Dataset entries:
^^^^
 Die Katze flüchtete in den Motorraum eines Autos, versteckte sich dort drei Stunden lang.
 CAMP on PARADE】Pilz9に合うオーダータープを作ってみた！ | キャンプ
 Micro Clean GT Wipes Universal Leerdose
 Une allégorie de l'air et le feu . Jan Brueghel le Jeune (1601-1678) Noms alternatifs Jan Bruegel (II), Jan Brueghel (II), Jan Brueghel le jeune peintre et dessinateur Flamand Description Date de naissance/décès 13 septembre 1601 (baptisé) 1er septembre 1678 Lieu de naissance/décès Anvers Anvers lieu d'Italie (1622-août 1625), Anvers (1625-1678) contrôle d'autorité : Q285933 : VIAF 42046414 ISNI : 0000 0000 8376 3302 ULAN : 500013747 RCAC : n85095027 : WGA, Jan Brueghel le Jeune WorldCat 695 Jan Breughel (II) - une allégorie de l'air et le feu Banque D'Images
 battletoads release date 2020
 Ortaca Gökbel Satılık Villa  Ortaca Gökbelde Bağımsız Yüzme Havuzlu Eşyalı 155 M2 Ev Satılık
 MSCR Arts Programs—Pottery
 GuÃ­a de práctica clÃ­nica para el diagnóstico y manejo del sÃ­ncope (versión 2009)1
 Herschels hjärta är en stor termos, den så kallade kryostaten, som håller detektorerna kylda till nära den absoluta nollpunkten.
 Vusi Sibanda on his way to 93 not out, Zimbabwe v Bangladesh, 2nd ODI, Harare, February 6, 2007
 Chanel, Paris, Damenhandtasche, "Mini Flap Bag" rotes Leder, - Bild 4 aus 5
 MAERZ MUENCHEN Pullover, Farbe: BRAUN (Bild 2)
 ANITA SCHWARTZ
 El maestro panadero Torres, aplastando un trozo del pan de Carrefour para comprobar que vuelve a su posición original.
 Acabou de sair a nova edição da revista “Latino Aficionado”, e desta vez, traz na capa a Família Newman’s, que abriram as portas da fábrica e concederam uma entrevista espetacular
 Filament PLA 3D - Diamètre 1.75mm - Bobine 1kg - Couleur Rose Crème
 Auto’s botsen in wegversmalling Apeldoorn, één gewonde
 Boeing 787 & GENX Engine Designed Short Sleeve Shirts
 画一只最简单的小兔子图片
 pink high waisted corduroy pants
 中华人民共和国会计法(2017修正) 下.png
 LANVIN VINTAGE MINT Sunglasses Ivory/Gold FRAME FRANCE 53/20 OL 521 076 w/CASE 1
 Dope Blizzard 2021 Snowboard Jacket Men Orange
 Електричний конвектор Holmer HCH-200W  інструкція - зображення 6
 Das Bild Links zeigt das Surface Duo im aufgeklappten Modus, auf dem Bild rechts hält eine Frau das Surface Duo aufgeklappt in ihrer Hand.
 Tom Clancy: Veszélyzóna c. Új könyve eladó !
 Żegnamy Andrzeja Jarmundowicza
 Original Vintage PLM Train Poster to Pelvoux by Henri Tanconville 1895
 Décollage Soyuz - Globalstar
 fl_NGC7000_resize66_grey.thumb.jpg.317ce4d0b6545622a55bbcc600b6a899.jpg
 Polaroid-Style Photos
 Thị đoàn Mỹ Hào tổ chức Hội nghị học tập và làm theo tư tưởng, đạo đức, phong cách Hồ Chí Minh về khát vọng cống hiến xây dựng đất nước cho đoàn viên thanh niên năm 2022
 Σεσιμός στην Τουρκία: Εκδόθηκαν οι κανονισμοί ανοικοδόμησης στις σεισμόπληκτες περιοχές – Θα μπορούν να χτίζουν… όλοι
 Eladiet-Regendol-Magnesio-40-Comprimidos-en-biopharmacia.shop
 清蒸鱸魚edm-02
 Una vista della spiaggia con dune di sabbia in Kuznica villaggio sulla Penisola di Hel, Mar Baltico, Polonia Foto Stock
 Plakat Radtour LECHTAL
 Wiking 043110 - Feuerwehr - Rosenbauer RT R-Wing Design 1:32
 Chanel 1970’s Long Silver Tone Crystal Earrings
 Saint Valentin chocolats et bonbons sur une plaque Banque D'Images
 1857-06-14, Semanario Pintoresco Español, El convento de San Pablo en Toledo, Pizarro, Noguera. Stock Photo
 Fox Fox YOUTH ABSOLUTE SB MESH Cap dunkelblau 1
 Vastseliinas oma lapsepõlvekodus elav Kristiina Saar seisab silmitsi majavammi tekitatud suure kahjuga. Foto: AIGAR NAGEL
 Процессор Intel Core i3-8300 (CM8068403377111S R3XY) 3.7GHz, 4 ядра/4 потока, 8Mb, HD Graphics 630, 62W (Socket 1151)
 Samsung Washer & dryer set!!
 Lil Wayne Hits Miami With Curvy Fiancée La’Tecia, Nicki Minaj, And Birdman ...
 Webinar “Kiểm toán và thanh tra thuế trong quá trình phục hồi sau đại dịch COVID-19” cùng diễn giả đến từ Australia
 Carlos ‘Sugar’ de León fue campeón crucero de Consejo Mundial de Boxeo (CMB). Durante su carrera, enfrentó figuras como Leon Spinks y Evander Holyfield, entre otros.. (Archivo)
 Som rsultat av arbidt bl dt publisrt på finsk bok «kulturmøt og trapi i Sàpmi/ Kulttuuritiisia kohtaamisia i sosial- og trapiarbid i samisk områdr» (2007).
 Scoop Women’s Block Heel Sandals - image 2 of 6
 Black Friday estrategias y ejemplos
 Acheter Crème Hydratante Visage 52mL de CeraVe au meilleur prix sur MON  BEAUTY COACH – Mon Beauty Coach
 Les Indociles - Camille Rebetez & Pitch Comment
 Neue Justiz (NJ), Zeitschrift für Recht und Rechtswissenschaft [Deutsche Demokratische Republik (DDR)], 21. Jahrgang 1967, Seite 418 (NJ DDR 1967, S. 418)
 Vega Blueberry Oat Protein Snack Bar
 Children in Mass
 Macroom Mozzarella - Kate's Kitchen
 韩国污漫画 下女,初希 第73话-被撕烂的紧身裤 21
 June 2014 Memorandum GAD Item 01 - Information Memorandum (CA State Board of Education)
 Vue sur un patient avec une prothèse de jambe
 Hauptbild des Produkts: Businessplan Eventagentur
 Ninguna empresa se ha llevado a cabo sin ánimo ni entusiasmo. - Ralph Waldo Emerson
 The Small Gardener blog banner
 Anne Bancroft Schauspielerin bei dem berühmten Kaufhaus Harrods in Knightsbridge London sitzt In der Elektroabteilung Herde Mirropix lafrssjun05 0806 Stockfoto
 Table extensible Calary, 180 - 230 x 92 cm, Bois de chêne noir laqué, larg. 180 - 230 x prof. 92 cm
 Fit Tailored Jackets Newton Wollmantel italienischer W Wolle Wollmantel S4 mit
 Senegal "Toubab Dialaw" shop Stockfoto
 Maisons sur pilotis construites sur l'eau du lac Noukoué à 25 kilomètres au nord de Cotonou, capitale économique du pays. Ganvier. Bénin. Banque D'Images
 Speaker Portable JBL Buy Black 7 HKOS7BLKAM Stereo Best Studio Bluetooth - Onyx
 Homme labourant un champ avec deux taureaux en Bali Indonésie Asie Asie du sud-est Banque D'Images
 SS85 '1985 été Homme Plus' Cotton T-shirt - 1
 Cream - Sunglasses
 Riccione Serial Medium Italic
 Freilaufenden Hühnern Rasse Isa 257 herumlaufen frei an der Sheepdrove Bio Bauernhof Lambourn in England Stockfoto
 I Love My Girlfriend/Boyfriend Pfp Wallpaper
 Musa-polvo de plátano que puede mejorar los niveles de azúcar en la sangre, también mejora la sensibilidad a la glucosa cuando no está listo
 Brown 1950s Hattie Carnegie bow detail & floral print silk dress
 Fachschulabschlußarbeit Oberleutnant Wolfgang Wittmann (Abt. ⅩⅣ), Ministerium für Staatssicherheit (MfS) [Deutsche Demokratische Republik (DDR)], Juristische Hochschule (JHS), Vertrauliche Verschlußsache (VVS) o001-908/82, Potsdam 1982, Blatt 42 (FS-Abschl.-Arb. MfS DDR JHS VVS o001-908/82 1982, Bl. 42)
^^^^
Start at the first line of the entries and stop at the line with "Micro Clean GT Wipes Universal Leerdose". Retype each of those lines exactly, both ends included.

» TASK ANSWER:
 Die Katze flüchtete in den Motorraum eines Autos, versteckte sich dort drei Stunden lang.
 CAMP on PARADE】Pilz9に合うオーダータープを作ってみた！ | キャンプ
 Micro Clean GT Wipes Universal Leerdose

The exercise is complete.